Beginning of the year economic blues in the US? I think so. Just looking over Spencer’s CPI post; here is an excerpt (the first paragraph):

The CPI report was encouraging. The total CPI rose 0.2% and the year over year increase is only 2.6%. Although real average hourly earnings fell, real weekly earnings were unchanged.

The core CPI actually fell for the first time since 1982, bring the year over year change in the core CPI to 1.6%. The 6 month SAAR for the core CPI is 0.8%. Despite all the worries about inflation the normal pattern is for the best cyclical reading on the core CPI to occur in the first year or two after a recession. If the economy follows the normal pattern, the core CPI should continue to moderate for another year or two.

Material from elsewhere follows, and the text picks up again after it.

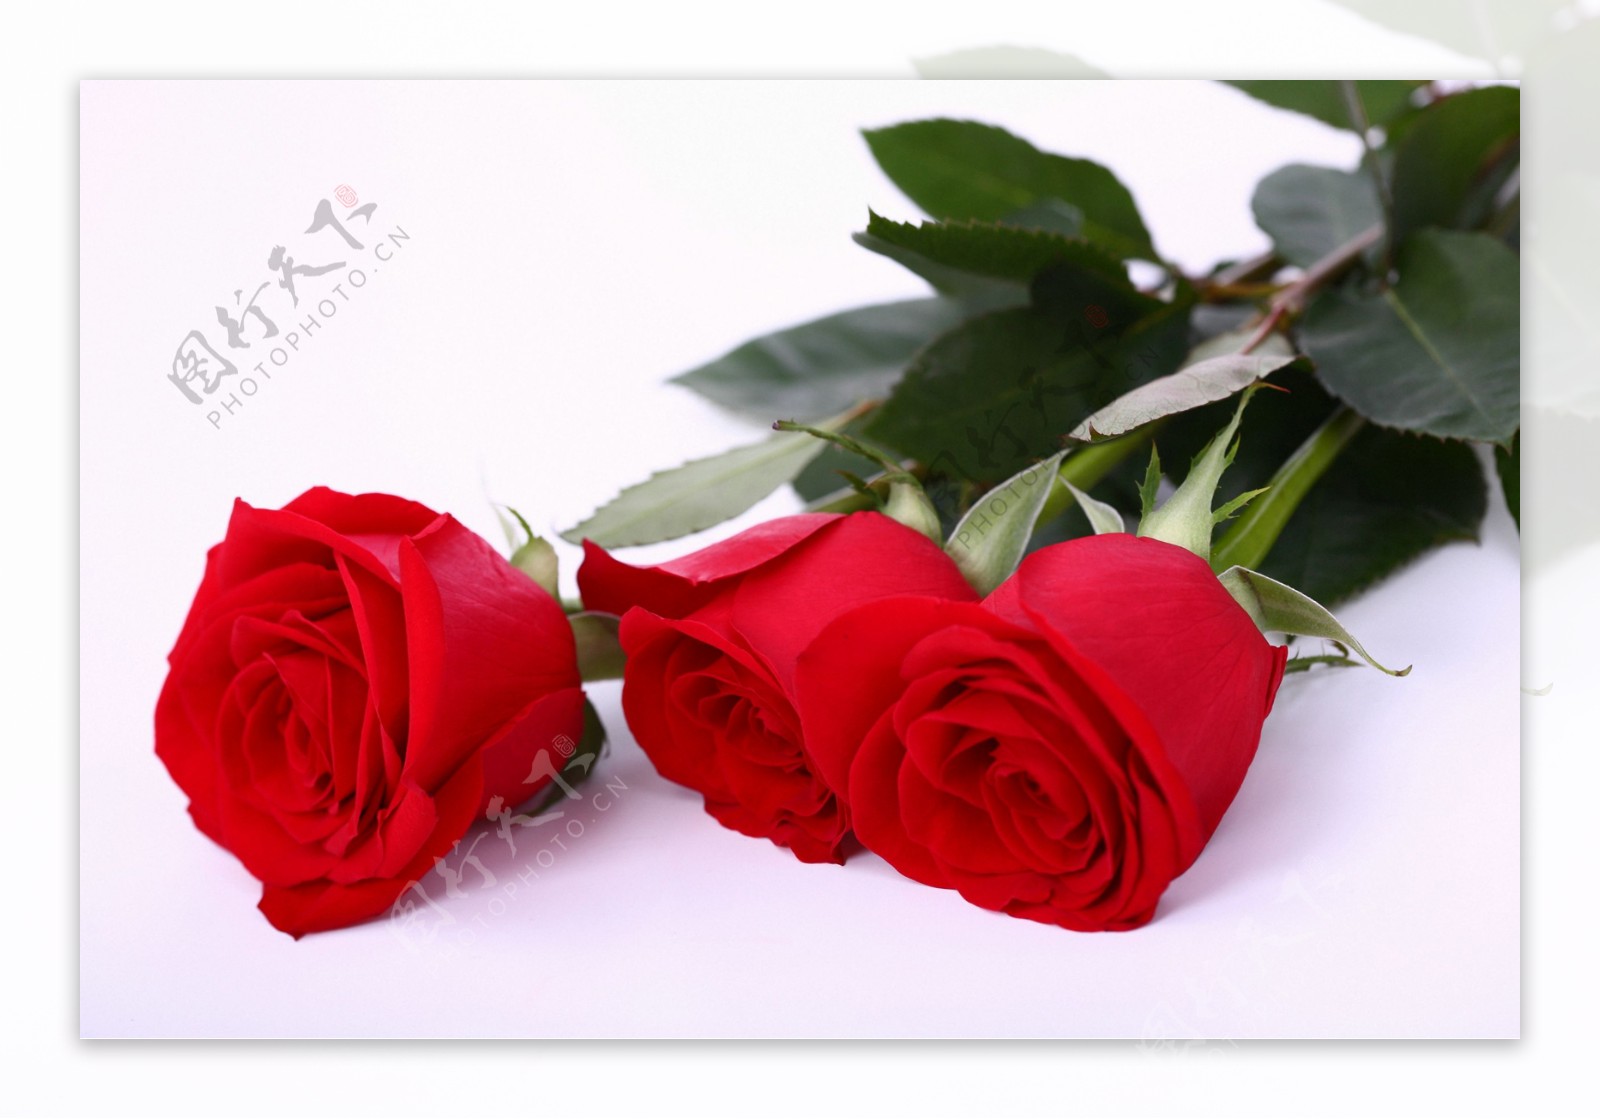 三朵鲜红的玫瑰花

My first thought is that I don’t think that this is encouraging at all; and I’m not alone. Core prices fell; these prices are typically very, very sticky. For example, shelter prices are biased upwards in their calculations, but have been declining or unchanged for every month since August 2009. I know that the output gap is not directly observed, except by proxy in the capacity utilization numbers or the unemployment rate; but it must be huge to do this to housing costs.

Look at it differently: the velocity of money improved in October and November of 2009…

velocity_chart.png

… but then took a step back in December of 2009. If this trend continues, non-energy prices are sure to back down much further. There’s just no support for price action at this time – the Fed can’t pull back… it probably should be putting more in.

Note on data: Macroeconomic Advisers now publishes a blog where they make available their calculated monthly GDP series (nominal and real) to the public (thank you).


Originally published at News N Economics and reproduced here with the author’s permission.

2 Responses to “CPI + Velocity = Trouble”

Wilson SiuFebruary 22nd, 2010 at 3:24 pm

So what if non-energy prices does back down further? How is that bad?Instead of worrying that prices will go down, one may perhaps worry that while the velocity of money is so low, CPI has not gottne lower than the current figure.

The AlarmistFebruary 26th, 2010 at 3:33 am

The title is misleading. It should be “Low CPI plus slowing velocity of money = Trouble.”Having said that, I agree with Wilson Siu above, that a slowing velocity of money may be masking darker aspects of inflation. The gas I buy to the store keeps bouncing up and down in price to the extent that any trend is not statistically significant, but the costs of the food I buy while at the store has been inexorably increasing over the past few years. Meanwhile, my housing costs have held steady and not declined, while other housing-related costs and taxes have increased. If those aren’t core indicators, then what is?